[[ Materials provided open ]]

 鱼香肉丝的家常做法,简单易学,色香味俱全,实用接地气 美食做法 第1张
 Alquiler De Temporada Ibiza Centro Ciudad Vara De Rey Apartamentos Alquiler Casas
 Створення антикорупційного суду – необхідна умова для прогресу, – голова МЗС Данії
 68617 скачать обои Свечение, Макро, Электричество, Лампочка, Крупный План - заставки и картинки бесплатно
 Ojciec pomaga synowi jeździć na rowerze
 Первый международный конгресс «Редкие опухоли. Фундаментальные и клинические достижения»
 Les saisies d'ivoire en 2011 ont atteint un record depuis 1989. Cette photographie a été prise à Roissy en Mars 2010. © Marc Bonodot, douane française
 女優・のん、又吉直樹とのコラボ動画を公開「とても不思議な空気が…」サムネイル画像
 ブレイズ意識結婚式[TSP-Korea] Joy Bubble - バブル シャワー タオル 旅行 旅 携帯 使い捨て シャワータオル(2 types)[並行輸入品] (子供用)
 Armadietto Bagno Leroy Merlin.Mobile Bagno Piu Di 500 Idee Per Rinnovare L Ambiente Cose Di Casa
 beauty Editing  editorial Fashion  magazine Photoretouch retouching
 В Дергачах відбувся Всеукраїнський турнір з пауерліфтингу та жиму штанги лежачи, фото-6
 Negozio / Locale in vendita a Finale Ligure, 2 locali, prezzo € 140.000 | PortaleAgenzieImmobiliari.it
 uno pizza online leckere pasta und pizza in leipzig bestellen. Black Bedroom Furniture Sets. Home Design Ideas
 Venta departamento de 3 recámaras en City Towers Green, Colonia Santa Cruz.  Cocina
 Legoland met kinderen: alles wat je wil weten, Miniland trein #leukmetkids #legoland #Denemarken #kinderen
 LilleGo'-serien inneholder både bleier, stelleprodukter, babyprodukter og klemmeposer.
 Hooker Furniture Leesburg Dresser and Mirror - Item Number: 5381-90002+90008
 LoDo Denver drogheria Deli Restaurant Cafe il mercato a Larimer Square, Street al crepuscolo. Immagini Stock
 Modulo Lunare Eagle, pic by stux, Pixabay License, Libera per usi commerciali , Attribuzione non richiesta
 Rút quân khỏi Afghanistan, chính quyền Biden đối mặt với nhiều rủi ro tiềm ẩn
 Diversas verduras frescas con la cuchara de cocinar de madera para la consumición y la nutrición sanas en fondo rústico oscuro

[[ Materials provided closed ]]

The lines above from the one containing "uno pizza online" through the one containing "LilleGo'-serien inneholder både" are to be set down exactly, and no others.

 uno pizza online leckere pasta und pizza in leipzig bestellen. Black Bedroom Furniture Sets. Home Design Ideas
 Venta departamento de 3 recámaras en City Towers Green, Colonia Santa Cruz.  Cocina
 Legoland met kinderen: alles wat je wil weten, Miniland trein #leukmetkids #legoland #Denemarken #kinderen
 LilleGo'-serien inneholder både bleier, stelleprodukter, babyprodukter og klemmeposer.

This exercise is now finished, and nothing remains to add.